Now, I also enjoy unfermented cider from time to time. So, I'm planning on making a lot of it to last until next year's apple season. While I'm a fan of unfermented cider, I'm not a fan of food poisoning. Any techniques for long term storage besides freezing? I'll freeze a few gallons, but certainly don't want to put 25 or 30 gallons into my freezer. I was thinking, first run it through a fairly course filter - just some cheesecloth to get rid of the bigger solids. Then, heat it to 160-165 for a few minutes, then toss in a campden tablet per gallon & some potassium sorbate (0.1%). I'd prefer to stick with plastic gallon jugs - reuse milk jugs that I've been saving (and washing). But, I suppose I could bite the bullet and buy a bunch of one gallon glass jugs, if necessary for some recommendation.
 
I was just discussing this with my dad last night. I hope some people reply with some insightful solutions! :) I'll definitely be checking back regularly to this thread!
 
The best way to preserve it is to ferment it.

You could always can it. They make Ball jars up to at least half gallon now. Heat it to pasteurization temps, put in Ball jars and use a Foodsaver to suck the air out.
No need to mess with preservatives. Should be good for at least a year that way.

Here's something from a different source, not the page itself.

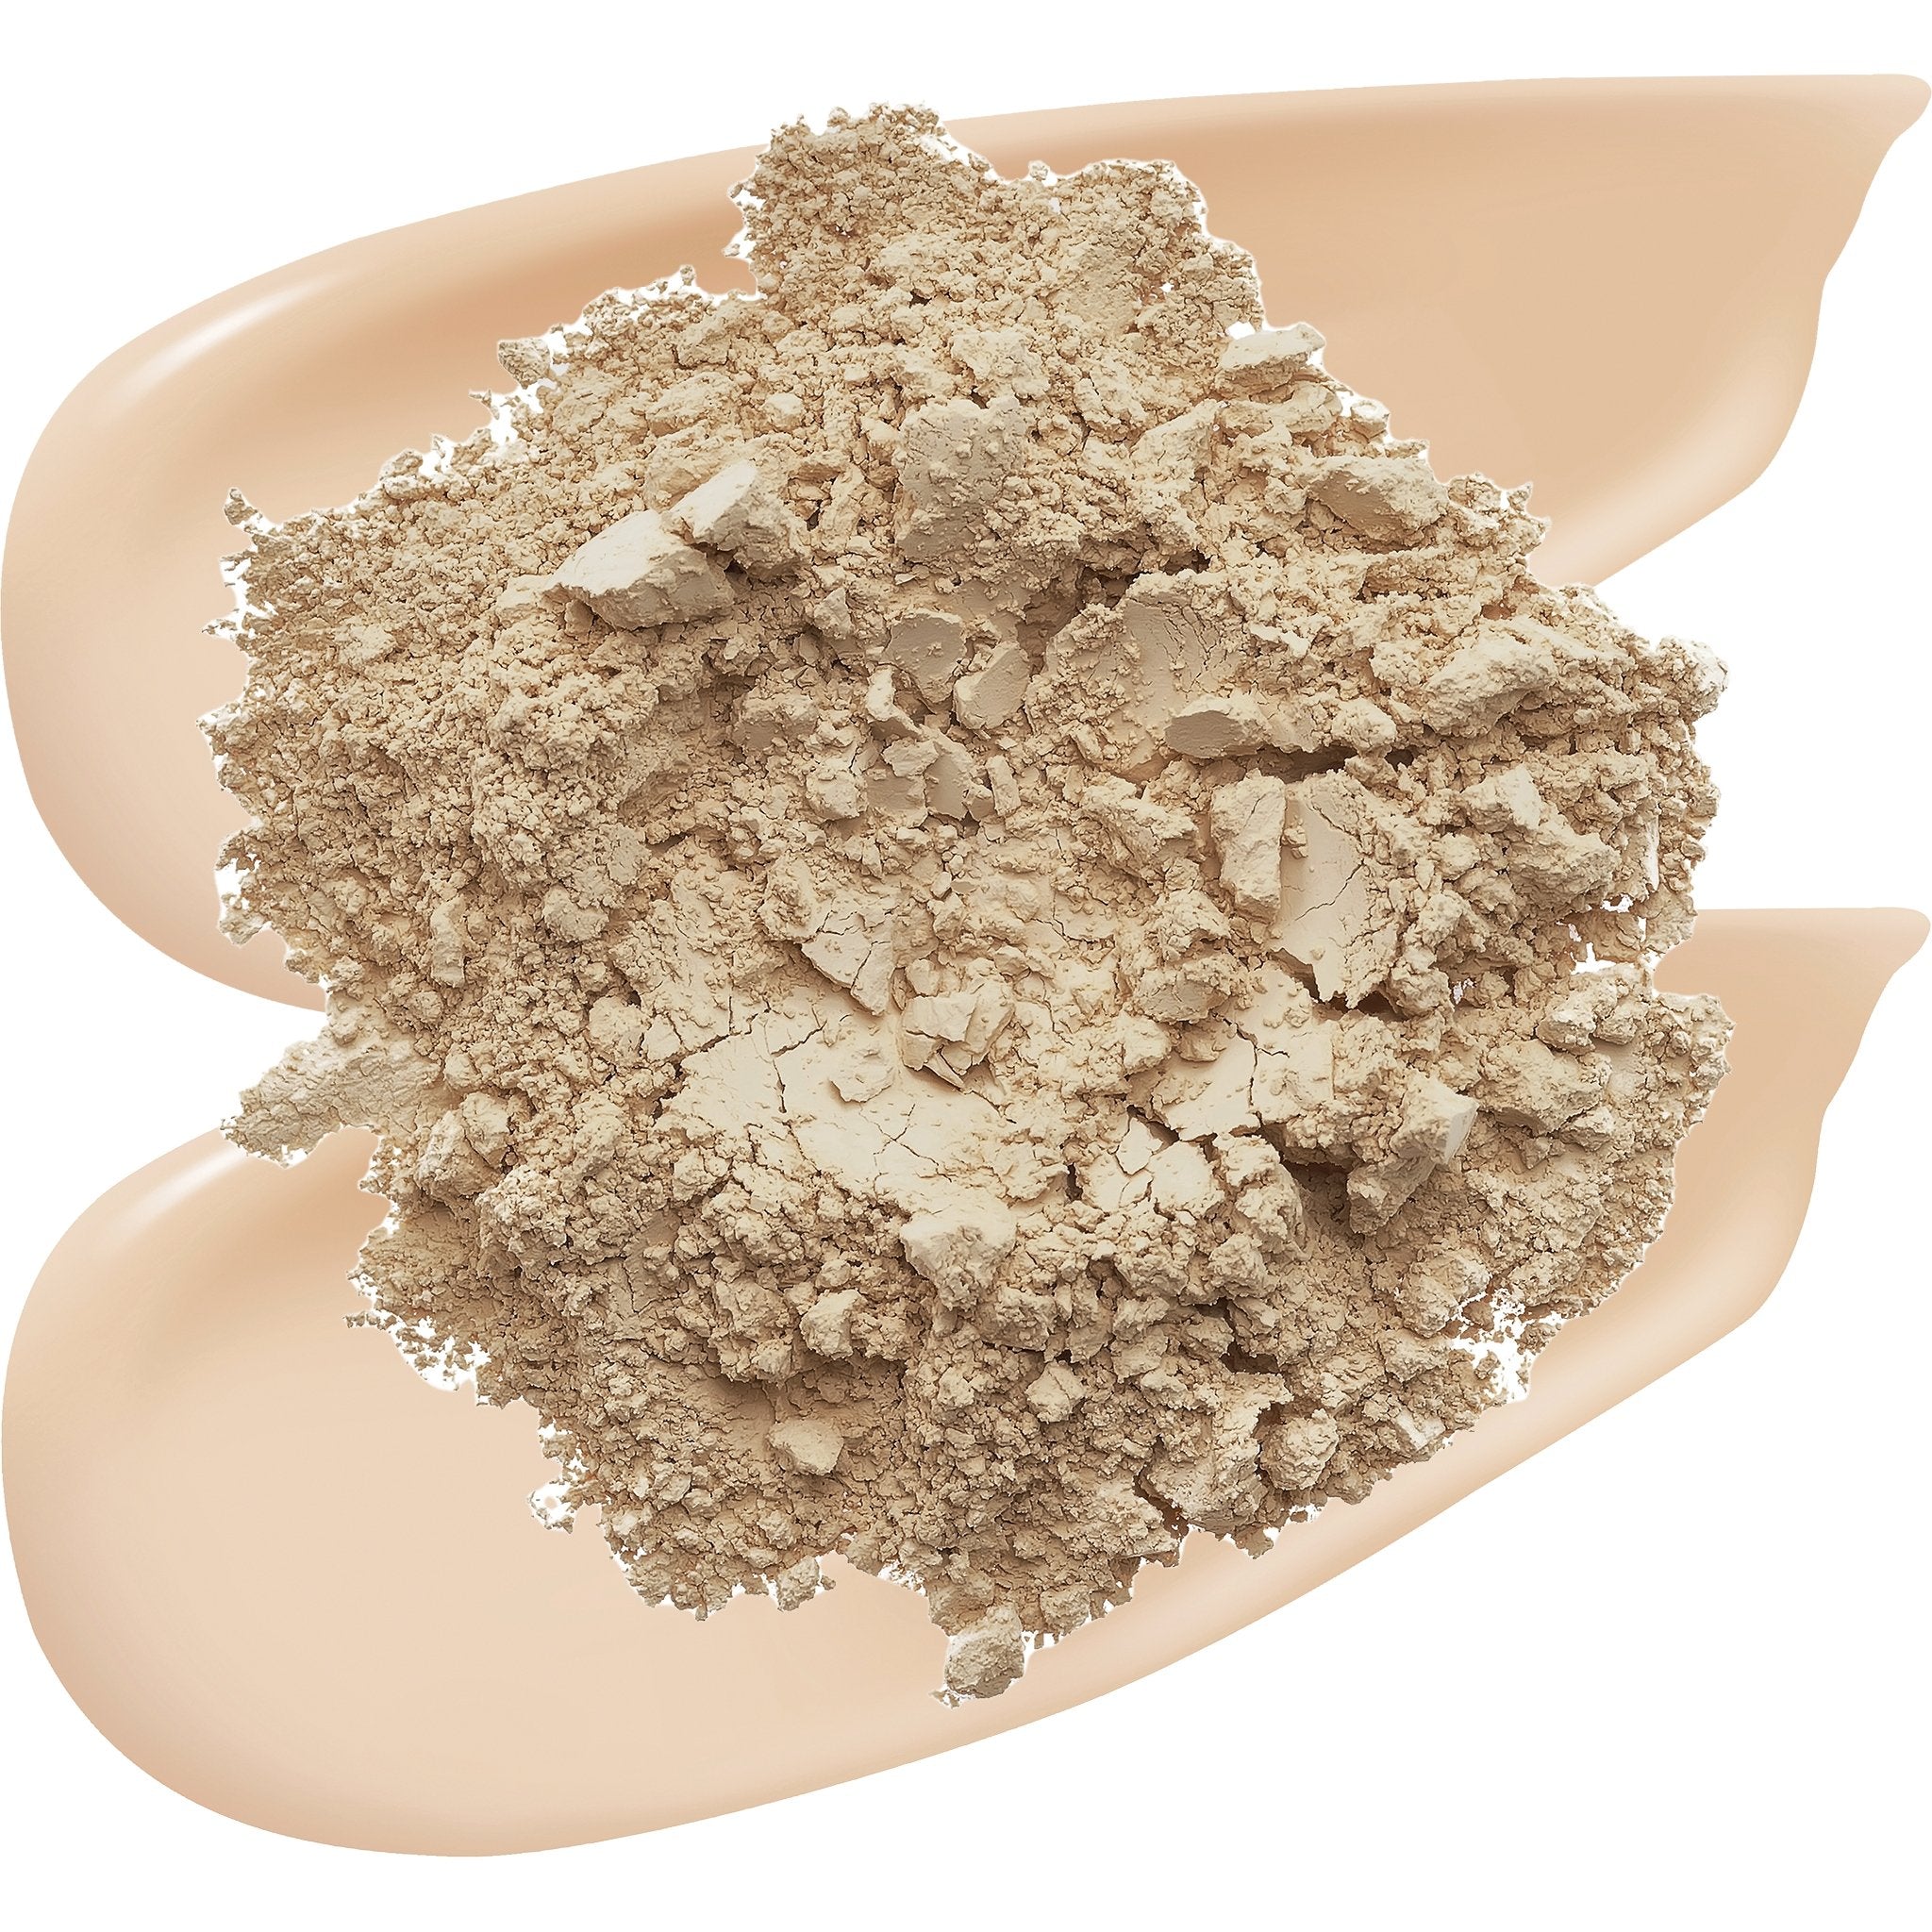 NEW Foundation Trial Set - mypure.co.uk

But you really should ferment it. It's like nuking the site from orbit. It's the only way to be sure. :mug:
 
Re: fermenting it. Note that I said I was going to ferment 18 gallons of it. I'm just trying to figure out how to safely preserve some non-fermented stoff too - along with that tangy flavor that cider has (and apple juice seems to lack). Turning it into apple juice and canning it for a few years would be trivial.

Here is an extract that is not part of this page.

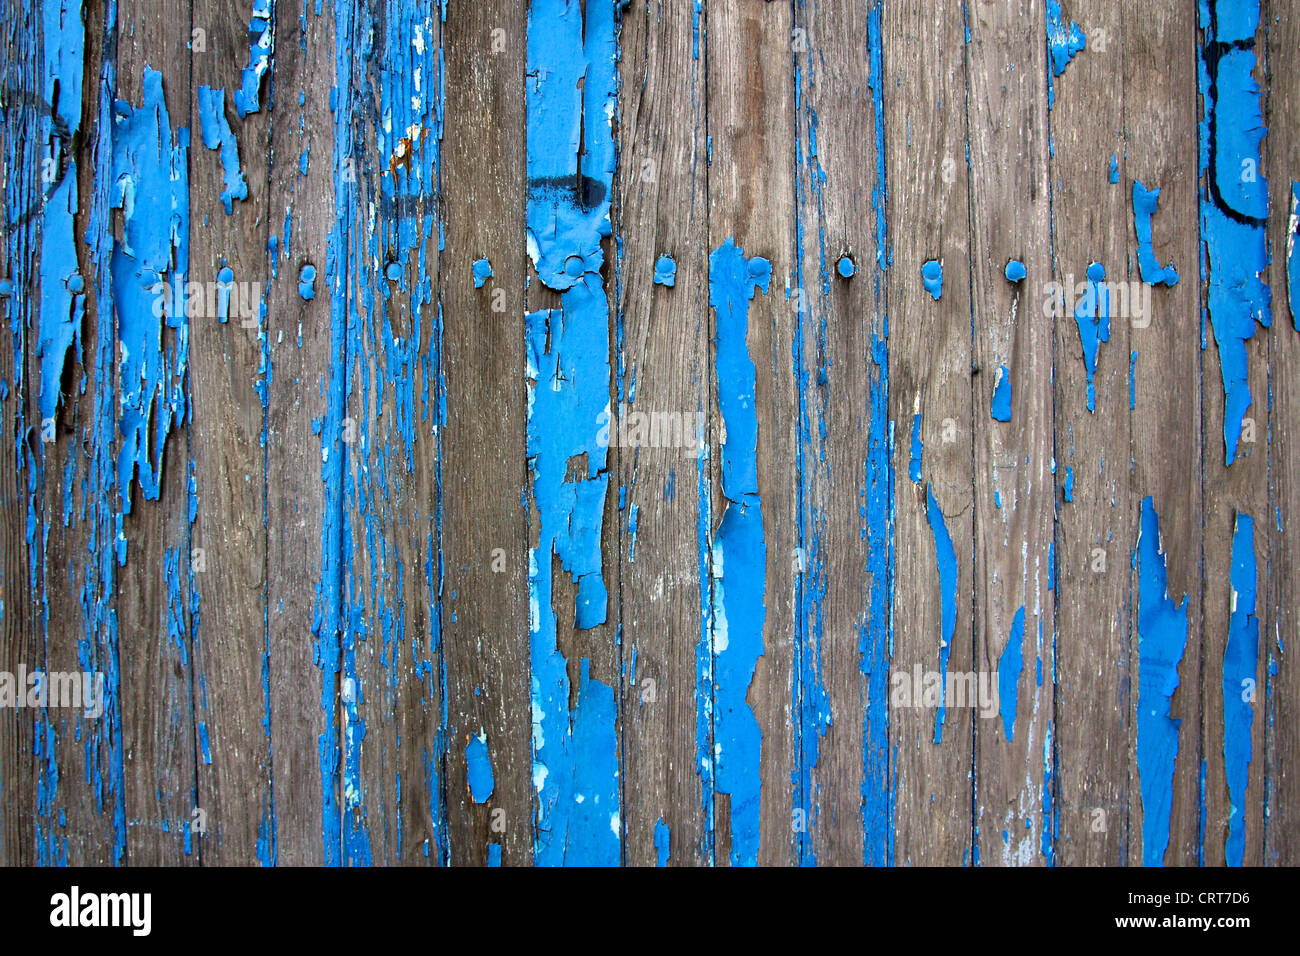 Detail on a weathered wooden shed, remnants of vibrant blue paint flaking from the decaying wood. Stock Photo

I didn't realize there were larger 64oz ball jars - perfect! But, when doing canning, I'm very aware of how important temperatures and pH are for long term storage (I would think close to a year counts as long term.) And have read how you could wind up with botulism if you don't, for instance, keep whatever you're canning in boiling water long enough. Thus, I'm a little apprehensive about simply hitting 160 degrees for a few minutes, then canning.

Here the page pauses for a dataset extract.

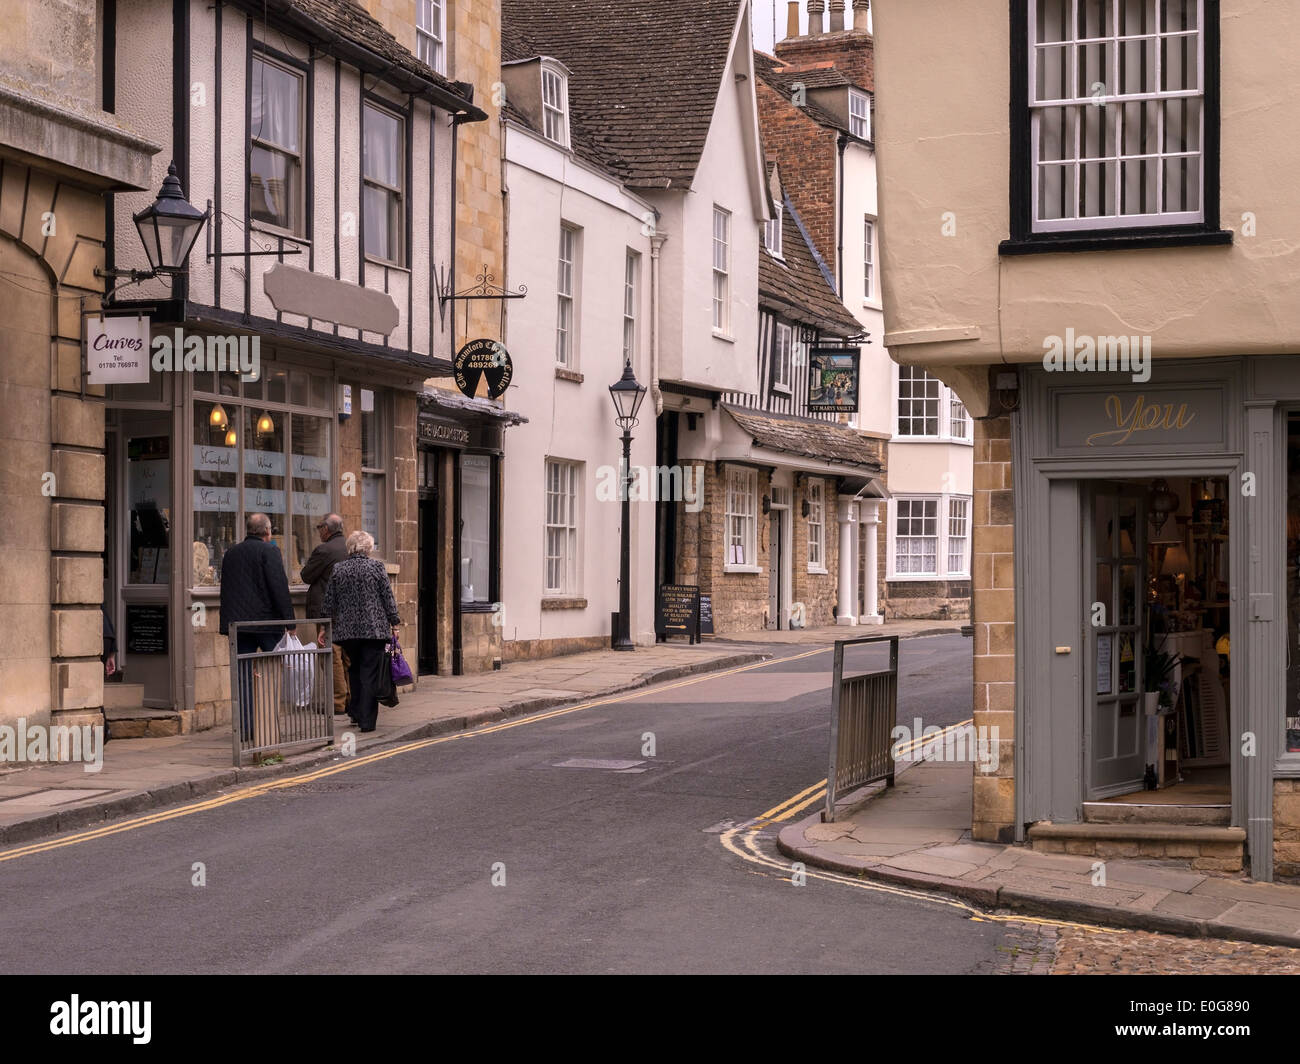 Attractive traditional old shop fronts and stone buildings, Stamford, Lincolnshire, England, UK Stock Photo

Do people find this to be safe enough for 1 year storage? (I like not having preservatives in it.) Or, to be on the safe side, should I toss in some sodium/potassium bisulfite & potassium sorbate?
 
Thanks for the link. After seeing so many links, it looks like I'll just play it safe & freeze gallons of cider. I really was hoping to find something such as sanitizing it with a couple of campden tablets, then preserving it with potassium sorbate and/or ascorbic acid. Oh well, better safe than sorry.
"Picked" (laid down tarps and shook the heck out of the tree branches) my first bushel Saturday & my brother brought up another bushel. I'll probably get around to pressing them tonight or tomorrow; helping my brother make his first ever batch of anything - 6 gallons of hard cider.